Chapter 2 presents a modularized object detection and tracking framework consisting
of a path planner, machine vision and object handler modules. Each module
solves a specific sub-problem of the overall object detection and tracking problem,
and each module has a wide range of applicable solutions which could be implemented
and mixed with the remainder of the system. Chapter 2 further describes
a software toolchain which provides a bridge and abstraction layer for the object
detection and tracking framework’s architecture and the UAV’s on-board hardware components. This makes the software toolchain compatible with the idea of easily
being able to configure the individual modules and hardware of the overall UAV
object detection and tracking system. This is exemplified by the implementation of
the hardware and software modules of the object detection and tracking framework
in two different UAV platforms.
In Chapter 3, a path planner module based on model predictive control (MPC)
is developed. This controller uses a kinematic model of the UAV with certain
constraints on the UAV’s motion to generate a feasible object tracking path for the
UAV. That is, the MPC assumes that the visual sensor is mounted in a gimbal with
two degrees of freedom and supplies the on-board autopilot with waypoints and
gimbal control input which enables the UAV to track an object or group of objects.
The gimbal is controlled in a way to ensure that the gimbal is pointing towards
the tracked object’s estimated position. The MPC is demonstrated through field
experiments in Chapter 3 and 5 to be able to successfully make both of the UAV
platforms developed in this thesis able to track objects.
Chapter 4 develops a solution for the machine vision module as an object detection,
recognition and tracking module compatible with the developed object detection
and tracking framework. The module enables the UAV to perform on-board image
processing of thermal images in order to automatically segment the images
into either background or objects of interest. Using the on-board telemetry data
indicating the UAVs position and attitude coupled with the segmented images, the
module is able to use a Kalman filter to track and estimate the position and velocity
of the detected objects of interest.
Chapter 5 demonstrates that the developed object detection and tracking framework
is agile and adaptable by replacing the machine vision module of the system
with a module more suitable for use in a sea ice management application.

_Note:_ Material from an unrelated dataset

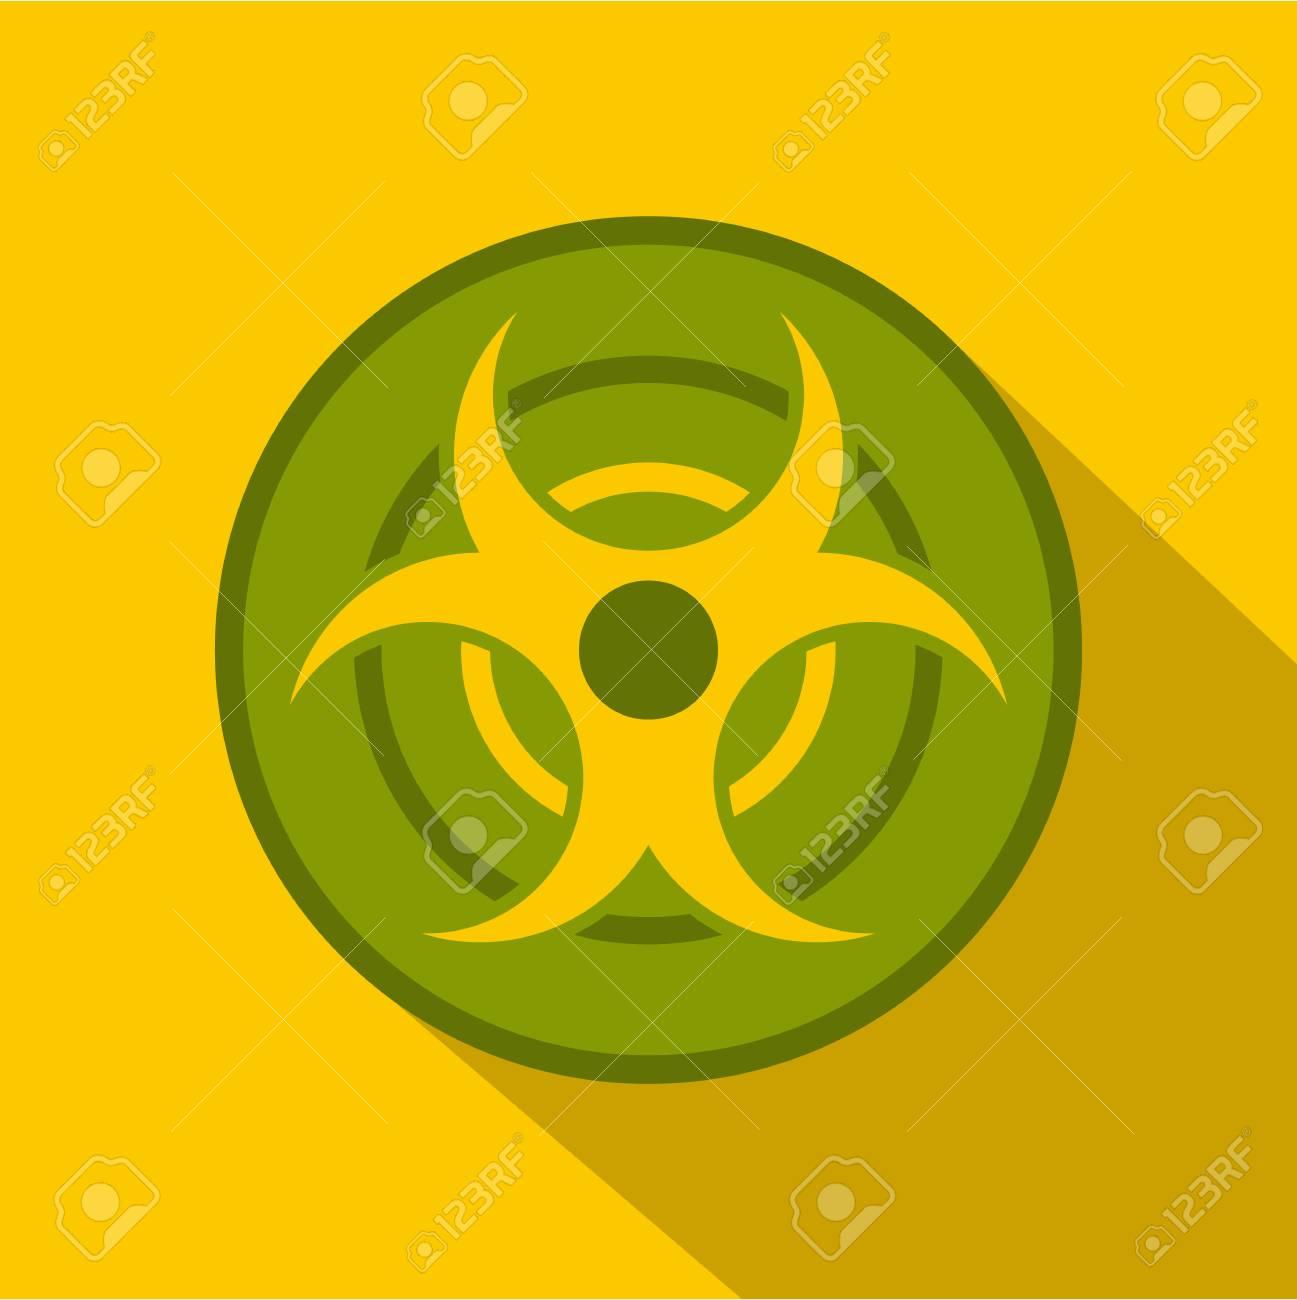 Biohazard Symbol Icon Flat Style Royalty Free Cliparts Vectors

Furthermore,
the nominal tests of the alternative modules developed in this chapter show
promising results for the use of UAVs in the area of sea ice management.
A full scale test of the object detection and tracking framework where all of the
modules of the framework are activated and interacting simultaneously is still a test
that has to be conducted, although the nominal testing in Chapter 5 demonstrates
the viability of the framework and its implemented modules.